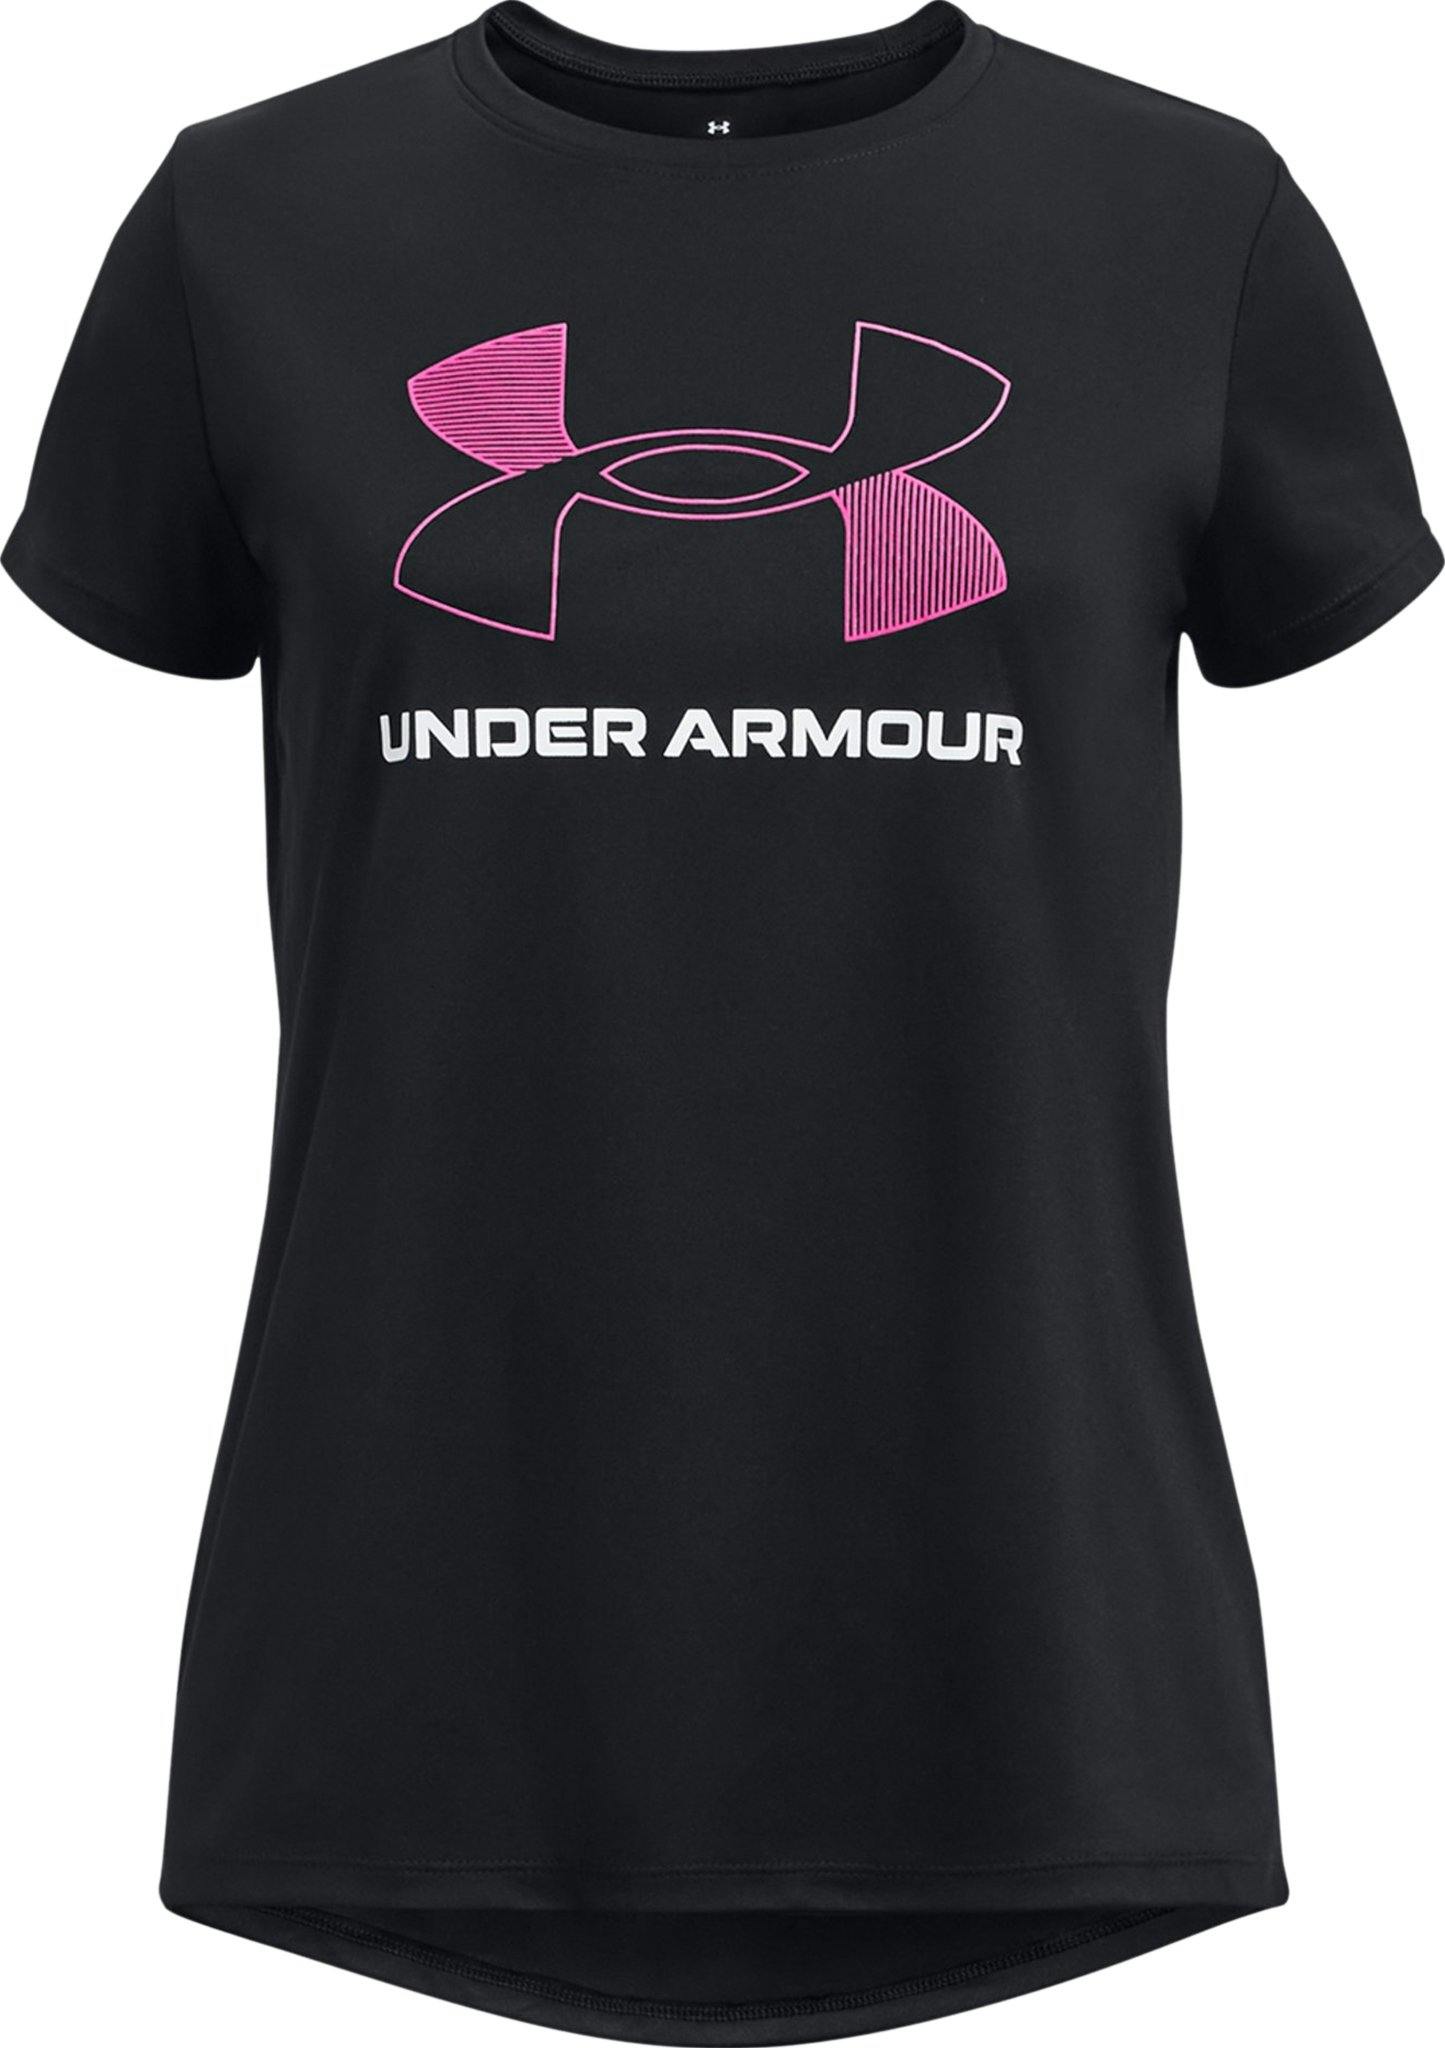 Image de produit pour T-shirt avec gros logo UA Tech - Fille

--*--

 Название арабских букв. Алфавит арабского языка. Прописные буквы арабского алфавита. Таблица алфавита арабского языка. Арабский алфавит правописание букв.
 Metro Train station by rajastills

--*--

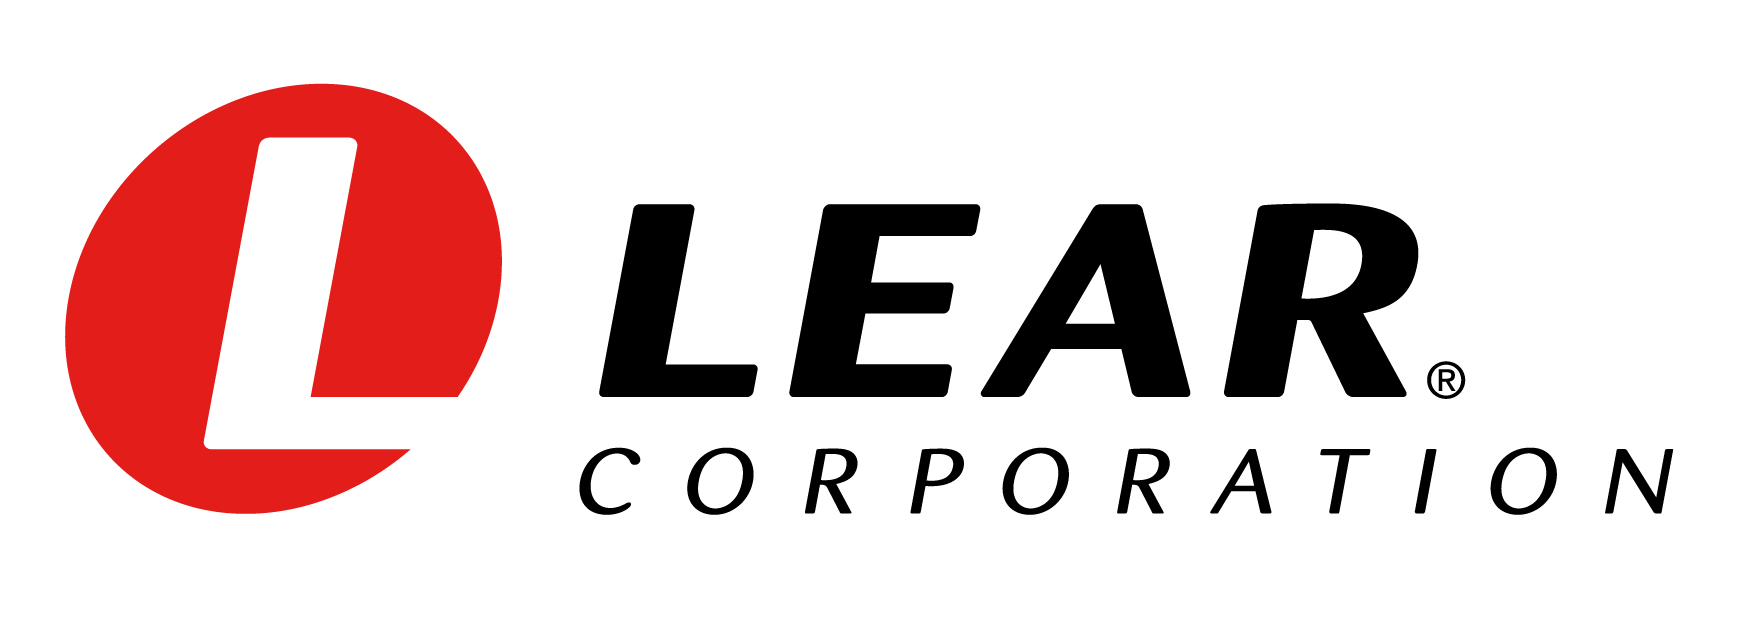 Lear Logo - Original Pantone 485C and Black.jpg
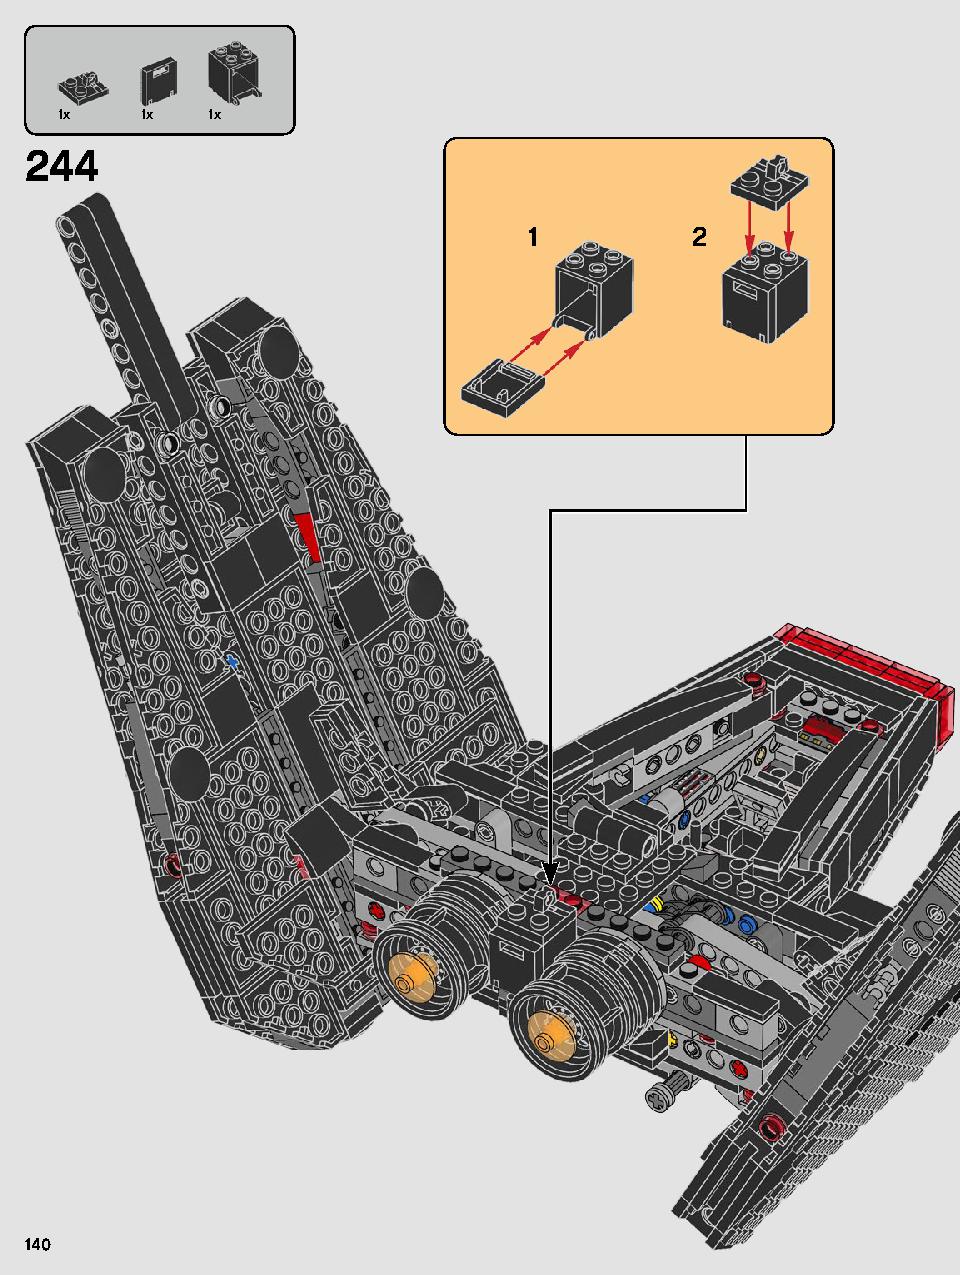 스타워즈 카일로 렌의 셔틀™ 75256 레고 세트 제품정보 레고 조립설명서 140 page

--*--

**What is required**
Reproduce the entries exactly, from the line with "Lear Logo - Original" to the line with "스타워즈 카일로 렌의", both lines included, keeping no pictures.

**Result of the task**
 Lear Logo - Original Pantone 485C and Black.jpg
 스타워즈 카일로 렌의 셔틀™ 75256 레고 세트 제품정보 레고 조립설명서 140 page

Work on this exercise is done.